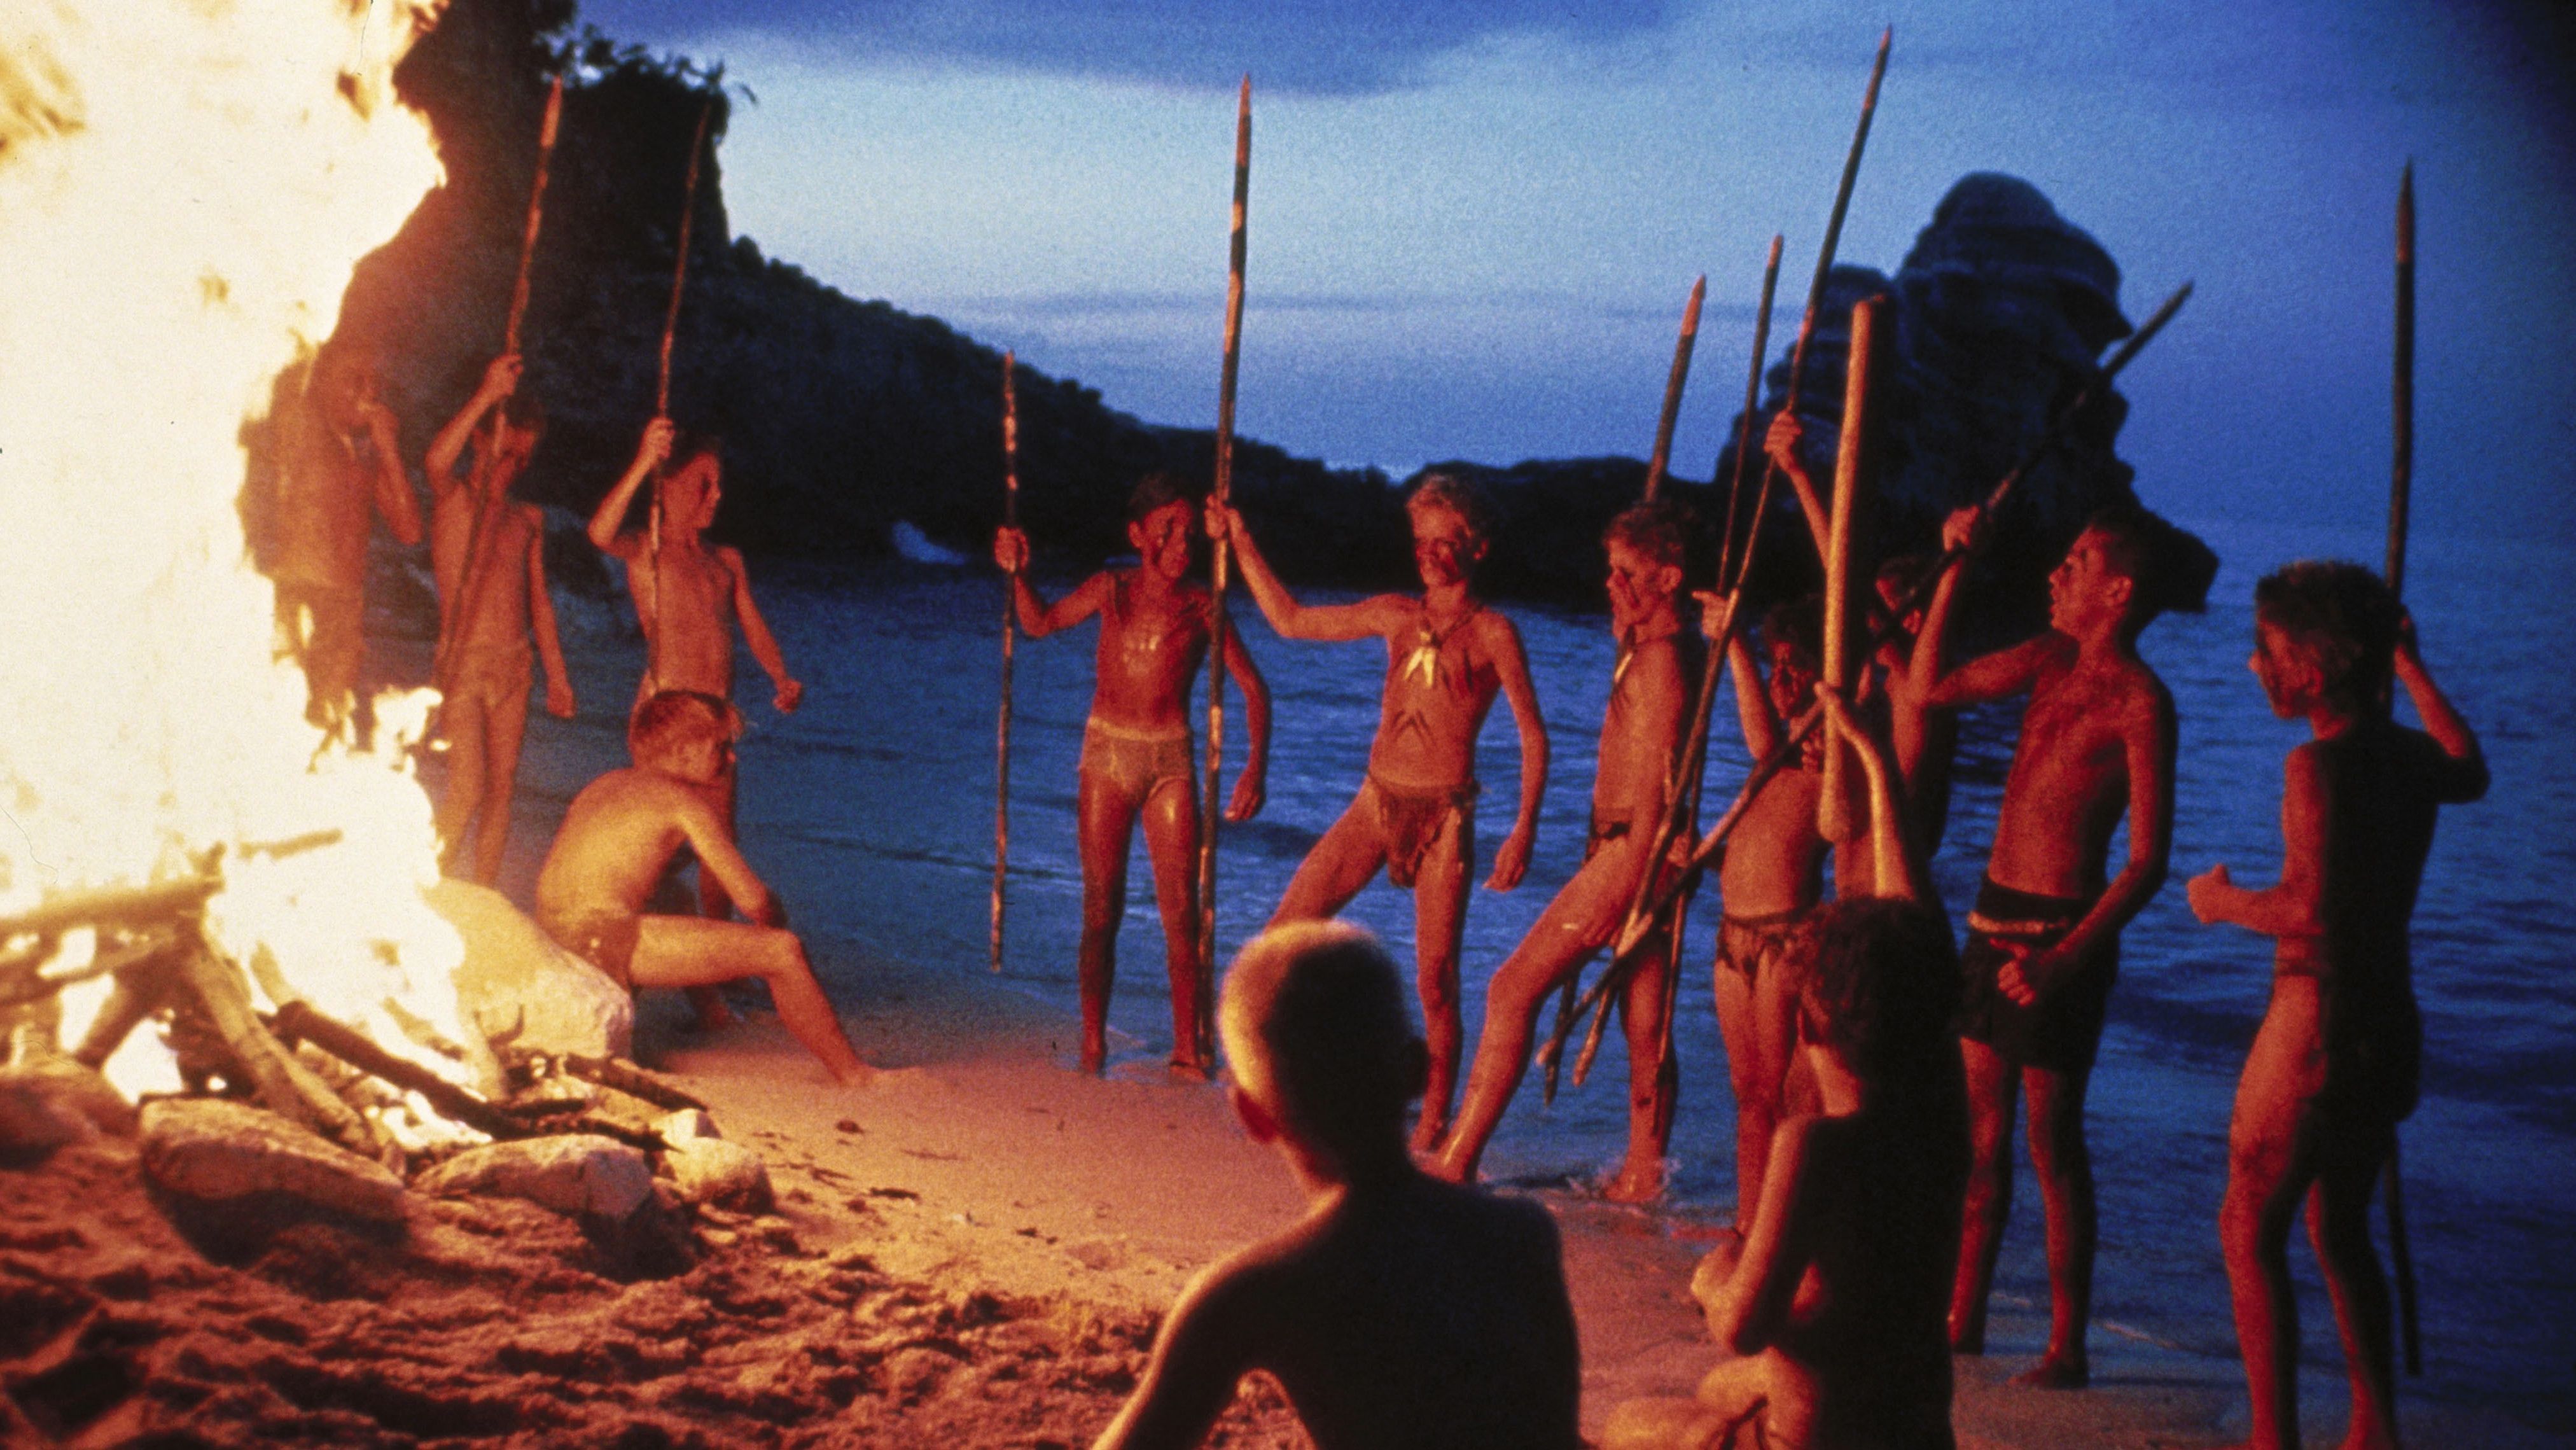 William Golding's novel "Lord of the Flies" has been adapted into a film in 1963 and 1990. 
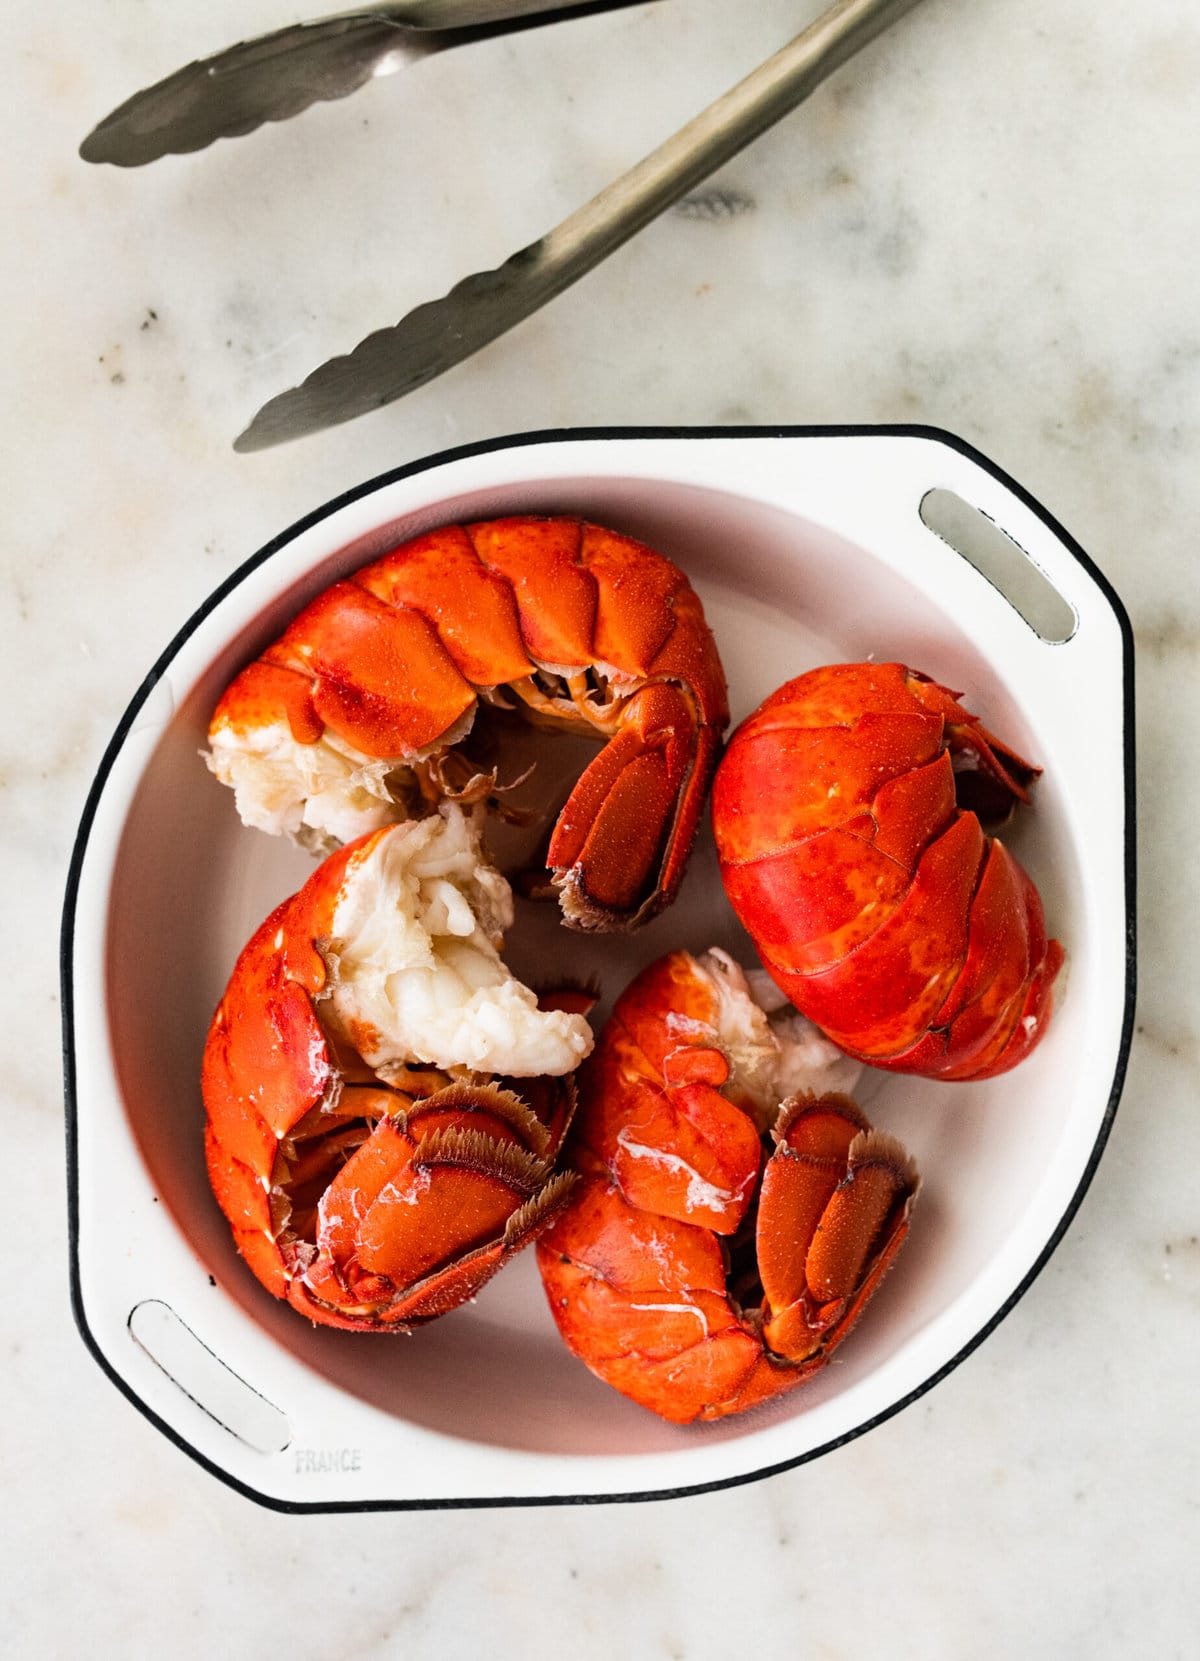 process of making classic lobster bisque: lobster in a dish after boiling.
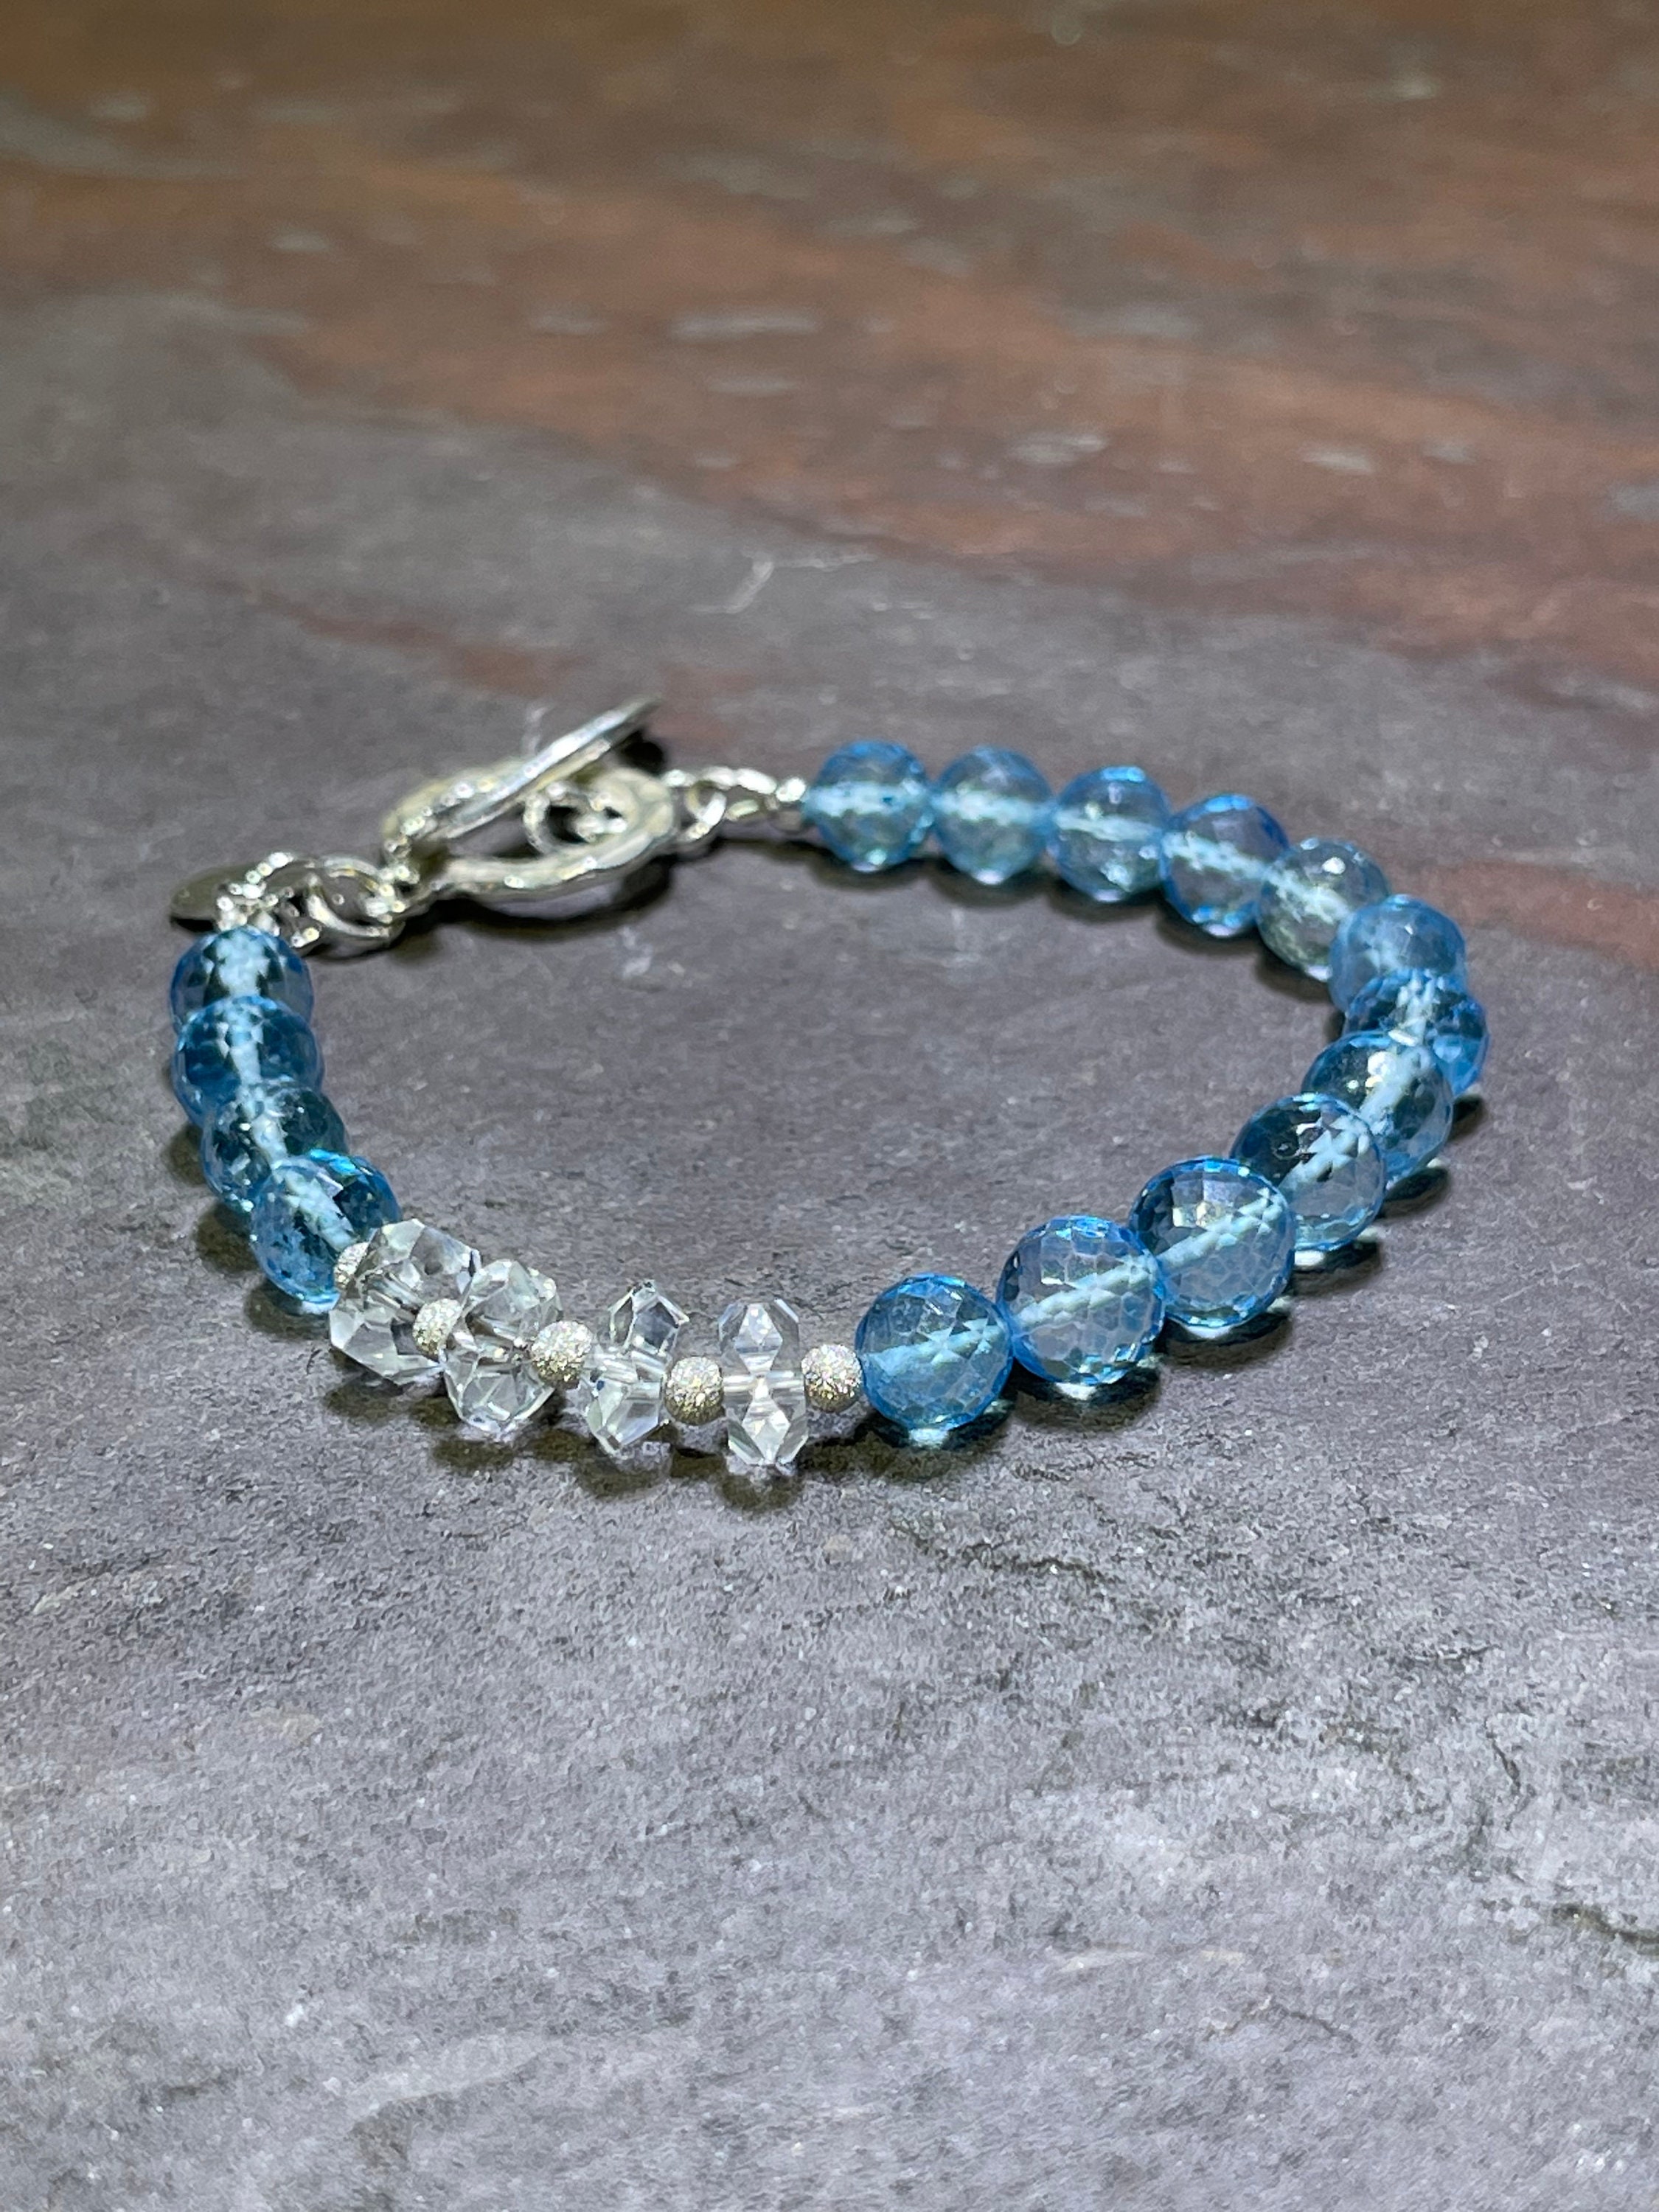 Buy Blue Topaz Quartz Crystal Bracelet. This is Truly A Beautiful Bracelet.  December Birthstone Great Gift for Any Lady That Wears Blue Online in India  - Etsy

■ **Exercise instructions**:
The line containing "process of making" marks the end: retype every line from the first one in the listing up to and including it, without pictures.

■ **Reply to the exercise**:
 William Golding's novel "Lord of the Flies" has been adapted into a film in 1963 and 1990. 
 process of making classic lobster bisque: lobster in a dish after boiling.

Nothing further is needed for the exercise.